We set up & keep records of all your income & expenses as an employee as per government regulations
Submit your Tax File declaration details with the ATO so you are assured that your interests are covered
Accept your gross earnings from ride-sharing, tasking or any other source you do work for - could be Uber driving, Air Tasking or a day's casual labouring work
Handle your expenses reimbursements (reimburse you for any expenses you have paid for), make all the necessary deductions from your gross income pre-tax, deduct your purchases and other expenses from your gross earnings
We cover you under our Work Cover policy so you are insured while working, deduct the cost of the WorkCover from your earnings, deduct money to cover your Superannuation payment (9.5%)
Pay the 9.5% Superannuation guarantee into your nominated super fund each quarter
Charge a fixed low fee: Please check our Fees page for specific details

We do what Uber fails to do for you - look after the driver under Australian Taxation Law. We offer you work cover which serves to protect you financially, and to give you a honest payslip showing you where your money is actually going. Now this may not be for all, but you can see that service we provide is tailored to you - the driver - and not Uber.

Now if anyone is fearing they will be sent a letter from the ATO asking for backdated payments of G.S.T. Partner People can help you - if you're willing to be helped. WE can backdate your income meaning, if you've earnt money without a A.B.N. we can retrospectively accept your income to calculate the tax payable and issue you with payslips.

If you have any questions, come see us at Level 3, 77 Moorabool St, Geelong. Call us on 03 8657 4340. Use the LiveChat on our website - https://www.PartnerPeople.com.au Shoot us an email at [email protected] or Send me a PM


----------



## UXDriver (May 20, 2015)

A qualified accountant can do this for far cheaper than you provide 

Why would anyone want to lose around 50% of their earnings for pointless paperwork pushing


----------



## UberDriverAU (Nov 4, 2015)

UXDriver said:


> A qualified accountant can do this for far cheaper than you provide
> 
> Why would anyone want to lose around 50% of their earnings for pointless paperwork pushing


Then there's the fact that Payroll tax must be deducted from your payments, necessarily at *your* expense!

It think it's also an open question about whether or not you would really be covered should there be a need to make a worker's compensation claim, because let's face it, this is not a genuine employment arrangement.


----------



## Instyle (Oct 18, 2014)

UXDriver said:


> A qualified accountant can do this for far cheaper than you provide
> 
> Why would anyone want to lose around 50% of their earnings for pointless paperwork pushing


A qualified accountant won't squirrel away income tax on your behalf against your TFN for the drivers that aren't disciplined enough to manage their business efficiently.
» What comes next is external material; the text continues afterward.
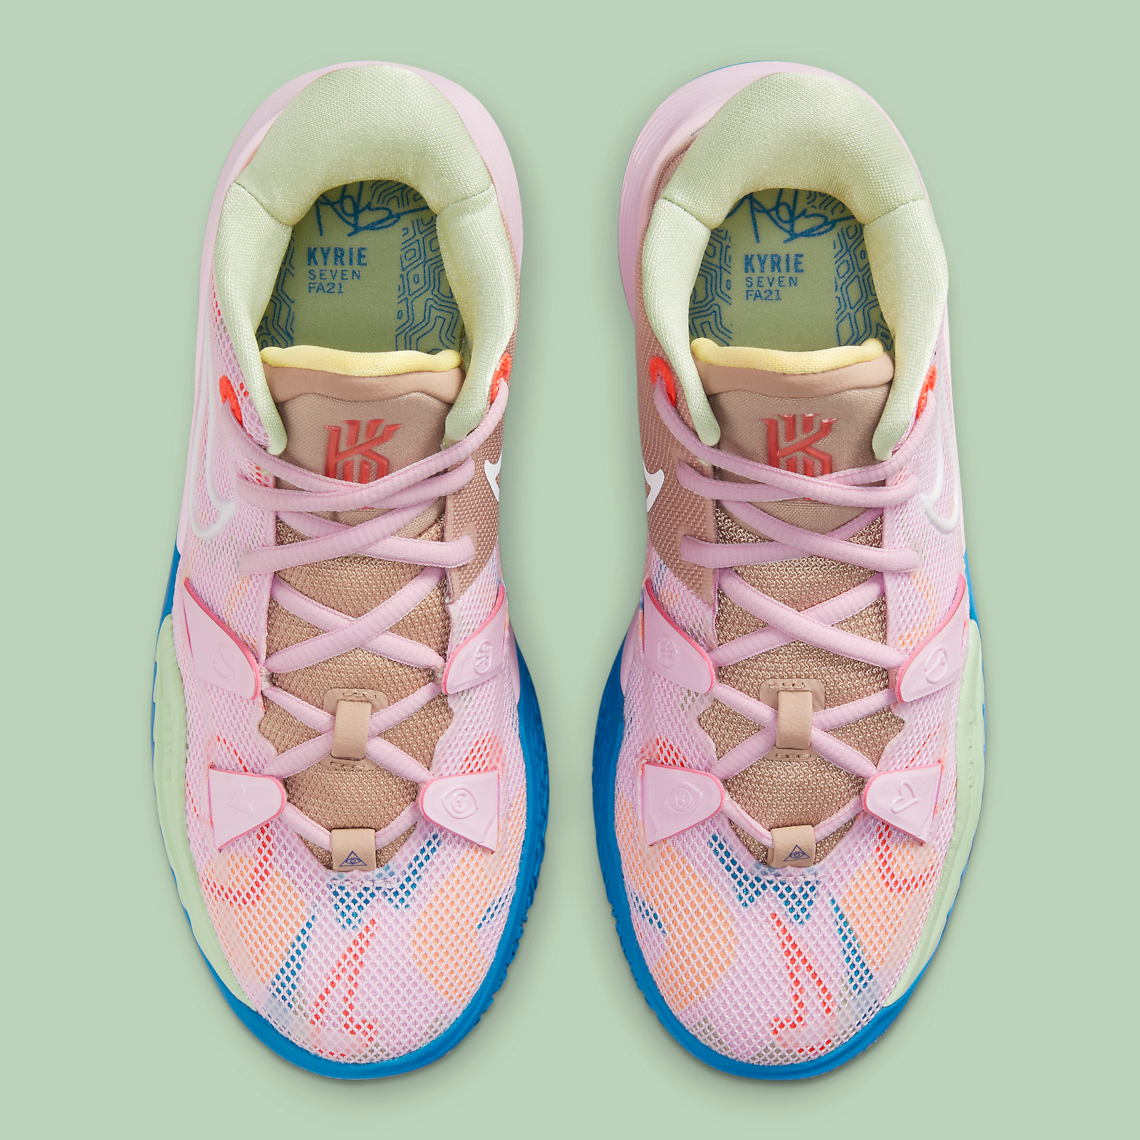 Nike Kyrie 7 1 World 1 People CQ9326-600 Release | SneakerNews.com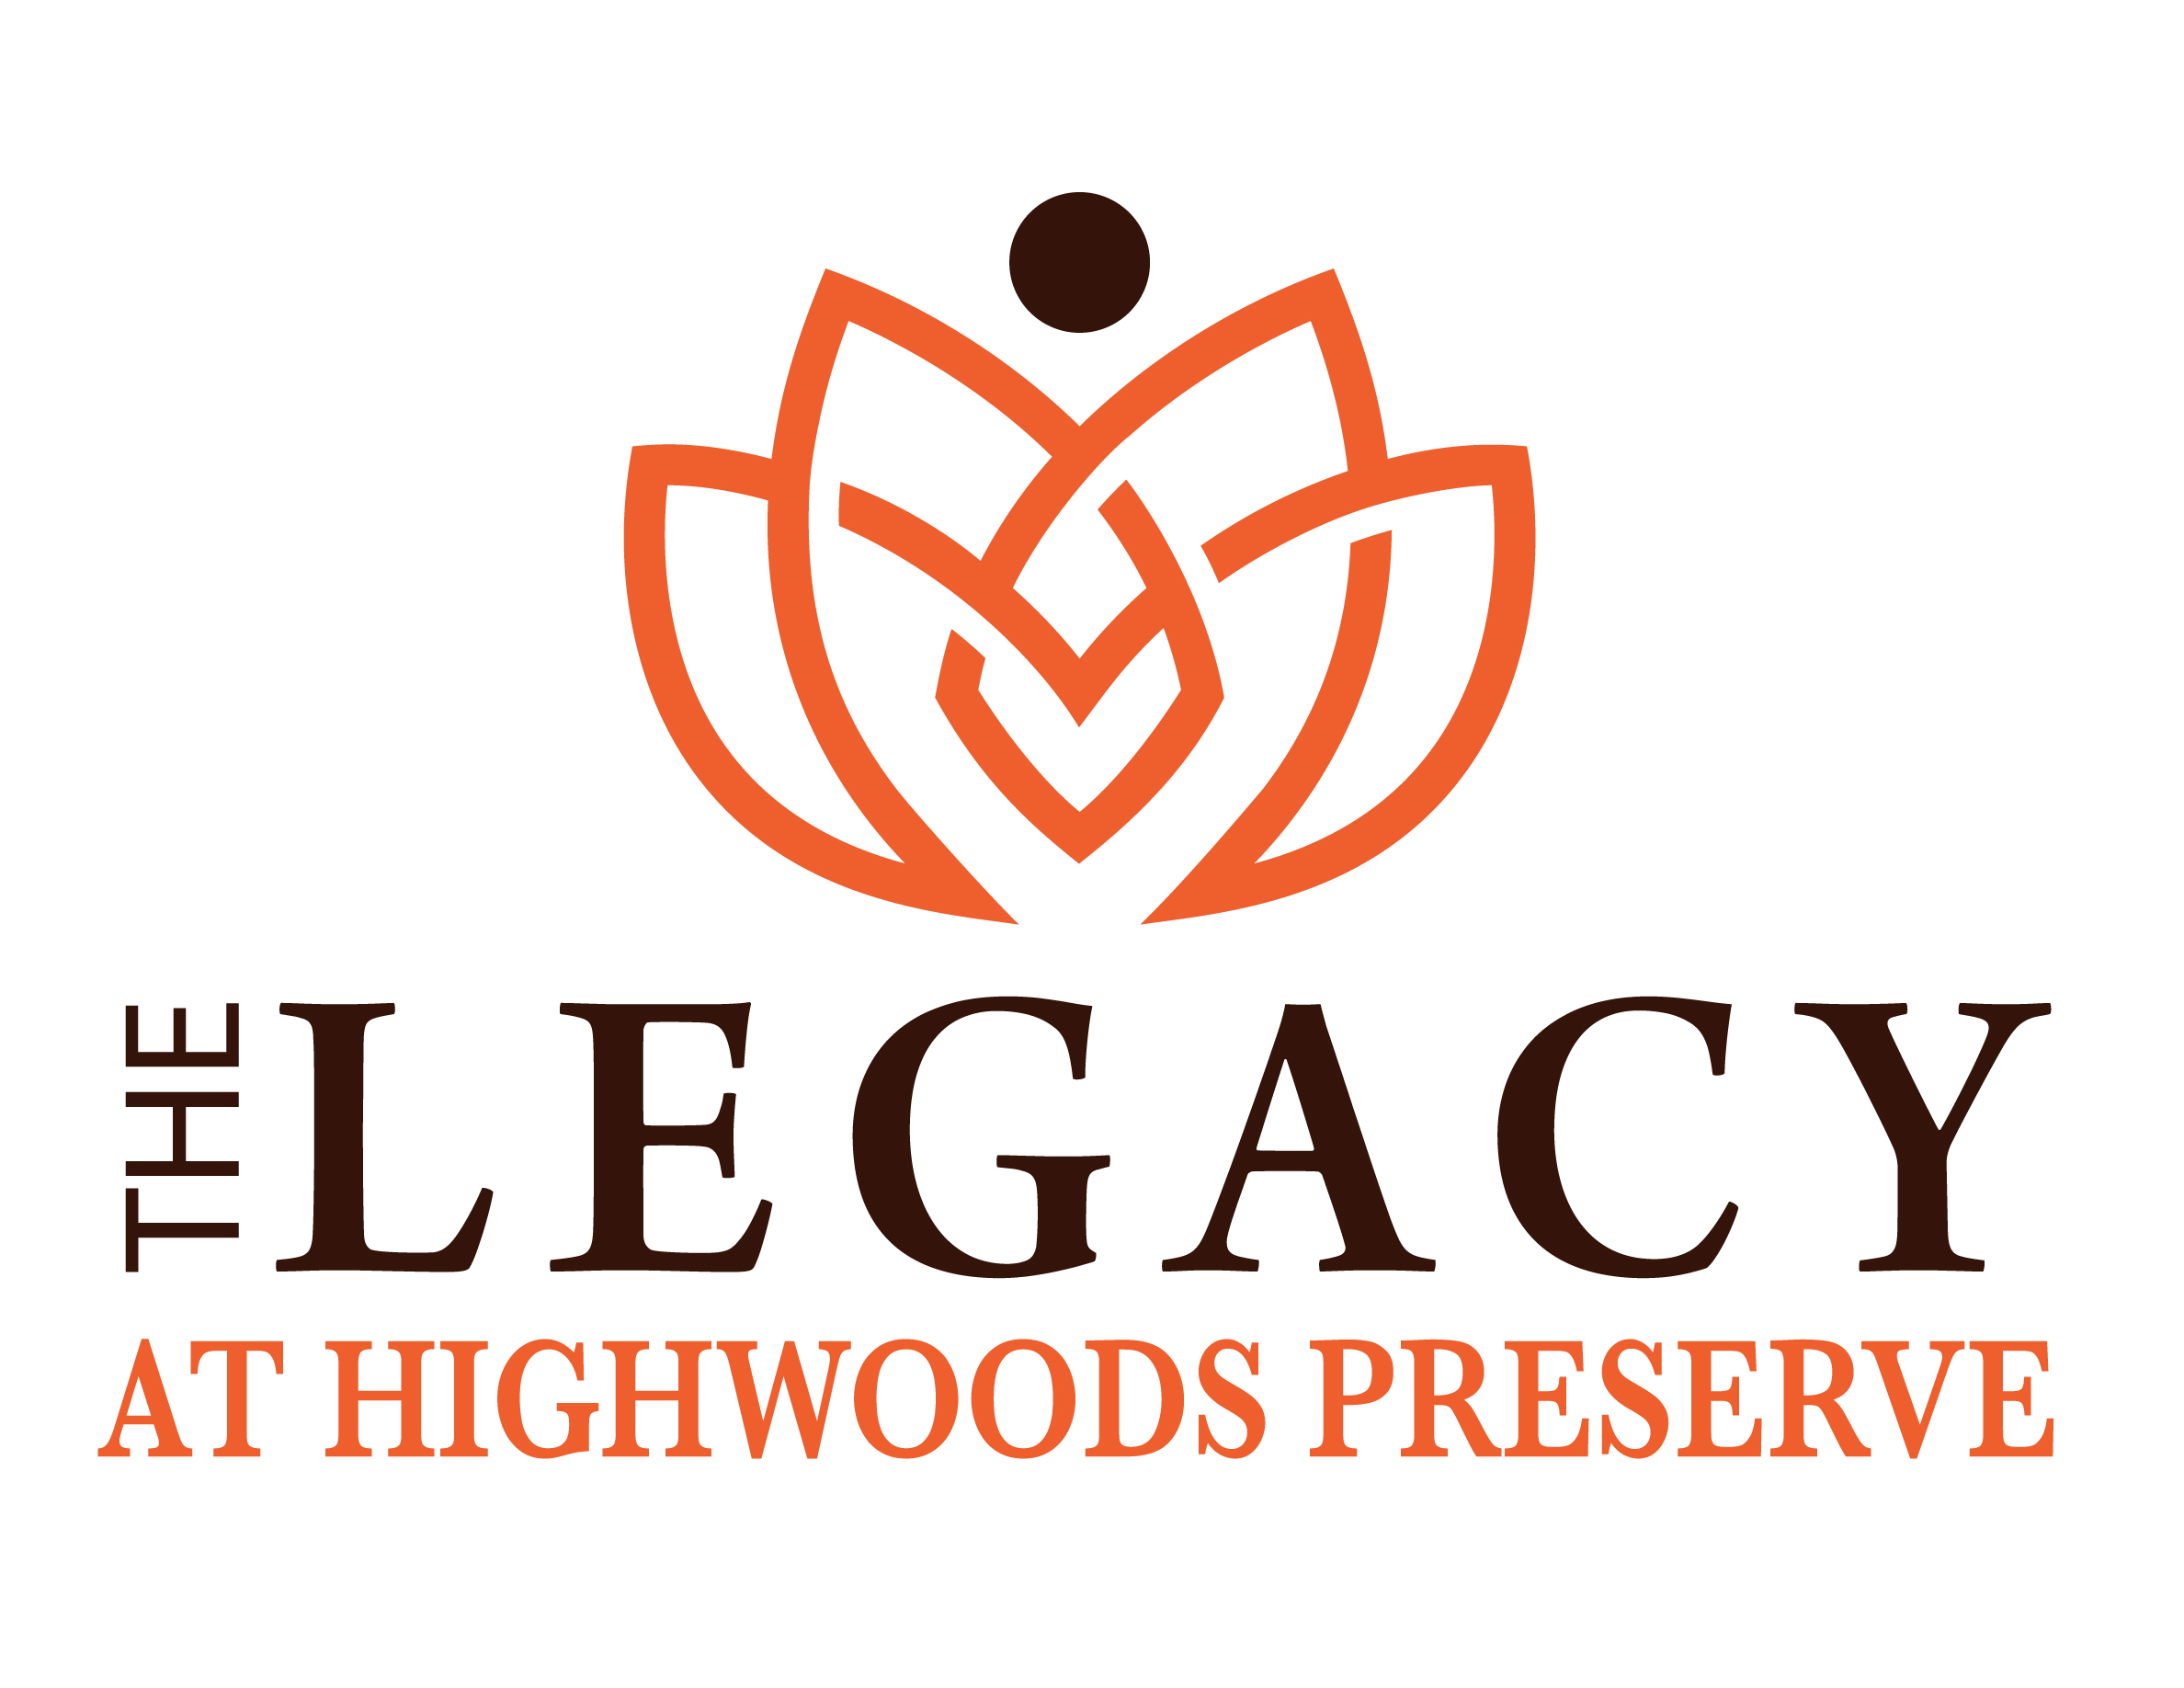 f. Legacy at Highwoods Preserve (Supporting Hydration Station)

Another plus, if you already run a small business without GST you can keep it that way instead of roping GST onto all your business sales and ventures which may not be appropriate.


----------



## UberDriverAU (Nov 4, 2015)

Instyle said:


> A qualified accountant won't squirrel away income tax on your behalf against your TFN for the drivers that aren't disciplined enough to manage their business efficiently.


As with many things, laziness or a lack of discipline often has a high price. The profitability that Uber offers makes it hard to justify any service of this kind. You need to do as much yourself to make it a worthwhile endeavour, or you're simply working to line other people's pockets with your money. If people can't keep on top of Uber related paperwork, then I'd strongly suggest they never go into any form of business venture as their sole source of income.


----------